- Coat of arms
- Coordinates (Radzanów): 52°56′31″N 20°5′30″E﻿ / ﻿52.94194°N 20.09167°E
- Country: Poland
- Voivodeship: Masovian
- County: Mława
- Seat: Radzanów

Area
- • Total: 98.7 km^{2} (38.1 sq mi)

Population (2013)
- • Total: 3,503
- • Density: 35/km^{2} (92/sq mi)
- Website: http://www.radzanow.com/

= Gmina Radzanów, Mława County =

Gmina Radzanów is a rural gmina (administrative district) in Mława County, Masovian Voivodeship, in east-central Poland. Its seat is the village of Radzanów, which lies approximately 27 km south-west of Mława and 102 km north-west of Warsaw.

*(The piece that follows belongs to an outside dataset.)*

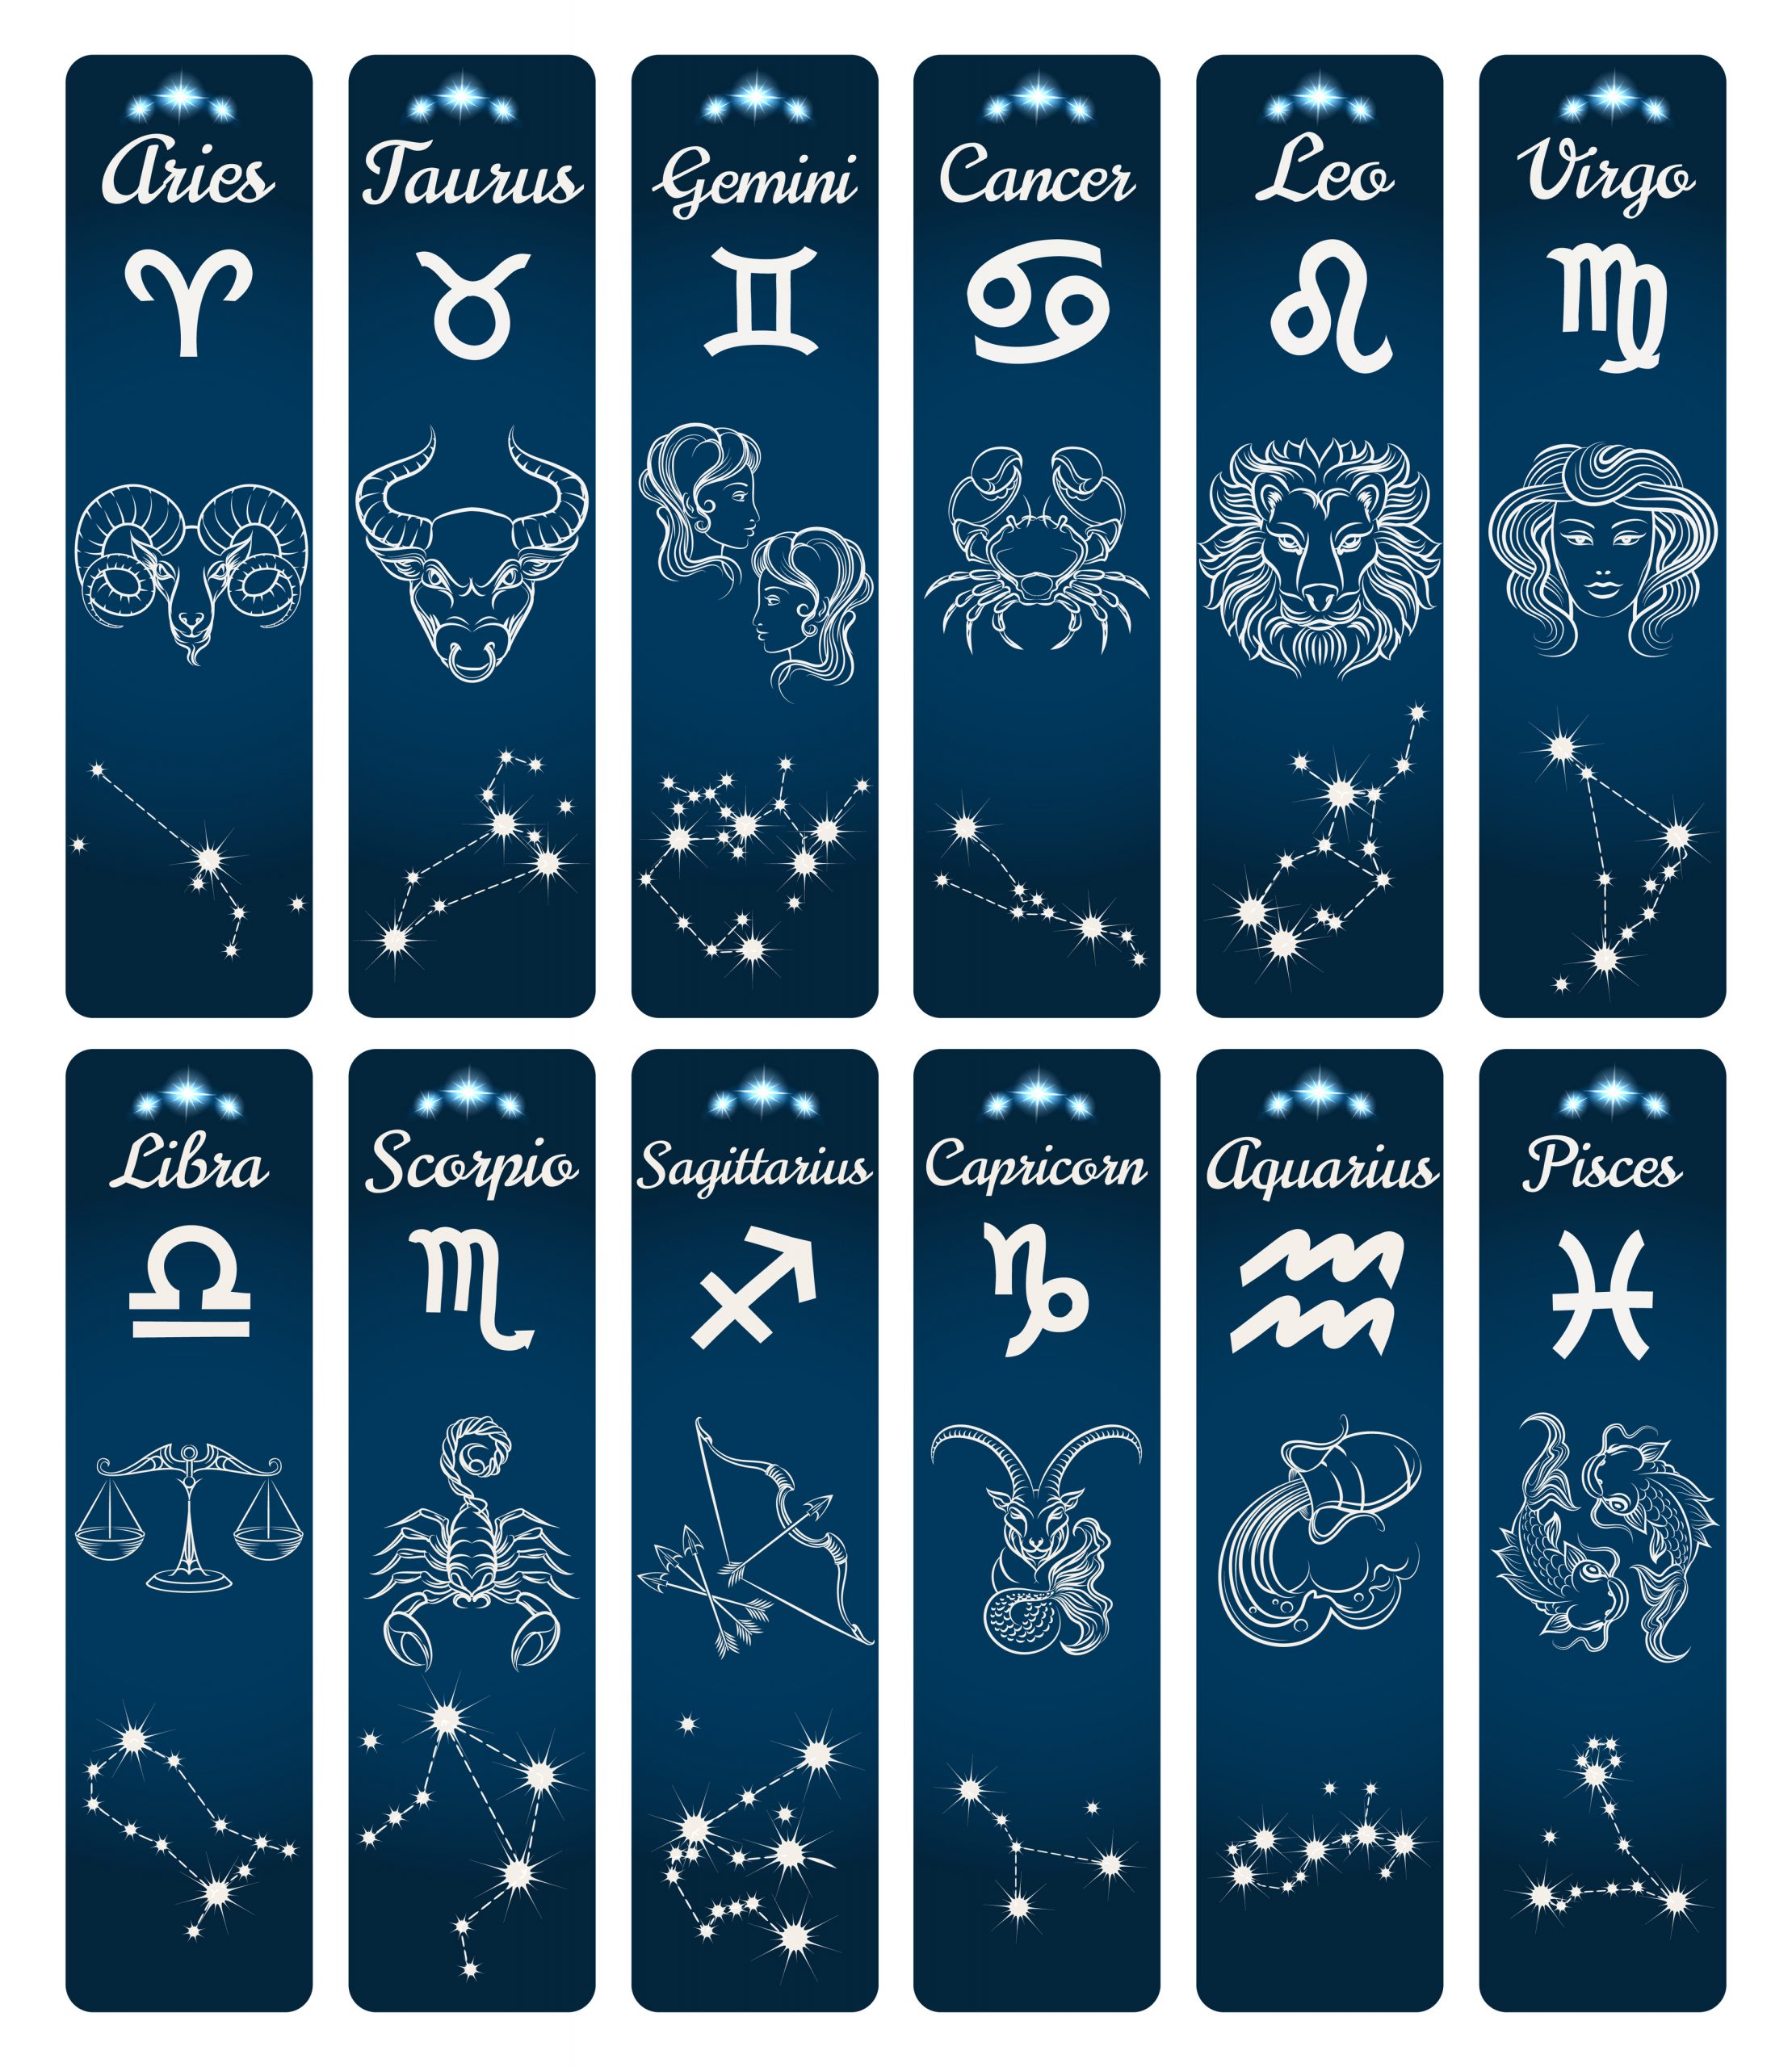 Horóscopos Julio 2022 - Signos del Zodiaco

The gmina covers an area of 98.7 km2, and as of 2006 its total population is 3,633 (3,503 in 2013).

==Villages==
Gmina Radzanów contains the villages and settlements of Bębnówko, Bębnowo, Bieżany, Bojanowo, Bońkowo Kościelne, Bońkowo-Podleśne, Budy-Matusy, Cegielnia Ratowska, Gradzanowo Włościańskie, Gradzanowo Zbęskie, Gradzanowo Zbęskie-Kolonia, Józefowo, Luszewo, Marysinek, Radzanów, Ratowo, Ratowo-Leśniczówka, Trzciniec, Wróblewo, Zgliczyn Witowy, Zgliczyn-Glinki and Zieluminek.

==Neighbouring gminas==
Gmina Radzanów is bordered by the gminas of Bieżuń, Raciąż, Siemiątkowo, Strzegowo and Szreńsk.